We have added several options to the compiler to accomodate for the various new functions we have added. These additonal functions are as follows.
-c : Optimise and reduce expressions, printing the before
and after results, along with any errors.
Output is written to stdout.
-f : Compile with optimisations enabled.
Output is written to file WIZ_SOURCE_PREFIX.oz (where
WIZ_SOURCE_PREFIX is the prefix of wiz_source_file
- i.e. with '.wiz' suffix removed, if present).
NO_ARGS :
Compile with optimisations enabled.
Output is written to stdout.
These options are also available through the usage prompt printed when a user enters "wiz" or "./wiz" without appropriate input options.
We implemented an extensive procedure that is able to perform a variety of reductions of expressions based on algebraic rules and constant folding. This is an optimization that takes place on the ast. For example, it is able to perform reductions such as
-
1 + 3 => 4
(constant folding) -
(1 + (x + (y + 3))) => (4 + (x + y))
(taking advantage of commutitivity) -
-a + b - c + d - e => b + d - (a + c + e)
(factorizing negation) -
---a => -a
(removal of double negative) -
not (not ((not a) and (not b))) and not (not (not c)) and not false => not (a or b or c)

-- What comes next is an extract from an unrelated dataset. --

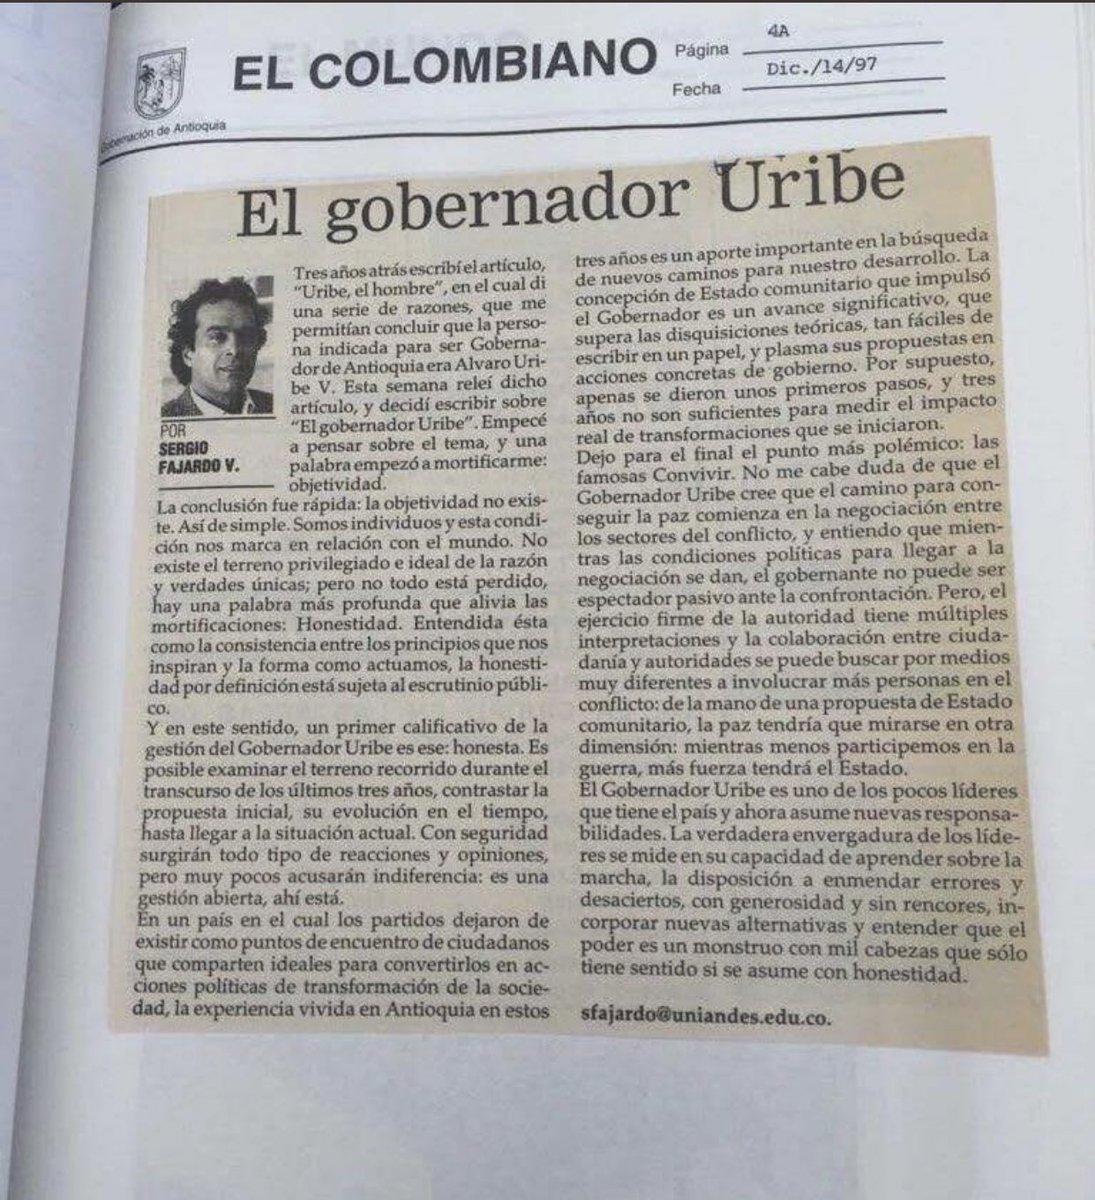 """Laura Medina Ruiz on Twitter: """"""""Un primer calificativo de la gestión del  Gobernador Uribe es: Honesta"""" Así elogiaba @sergio_fajardo la gestión de  Uribe como Gobernador de Antioquia.… https://t.co/Z6J5biUwgY"""""""

(reduction of boolean expressions) etc.
As much of the calculation of addresses for array access is done at compile time as possible. Our code program calculates the memory address offsets for array dimensions whose index in a given array-expression is constant (i.e. statically determined), and aggregates them at compile time, and generates expressions (which are reduced using previous optimization) for calculating the dynamically determind offsets (again, doing as much work as possible at compile time).
For example, for the array access given by expression:
x[1,a,3,b]
where the array declaration is:
int x[0..2, 7..9, 2..4, 9..10]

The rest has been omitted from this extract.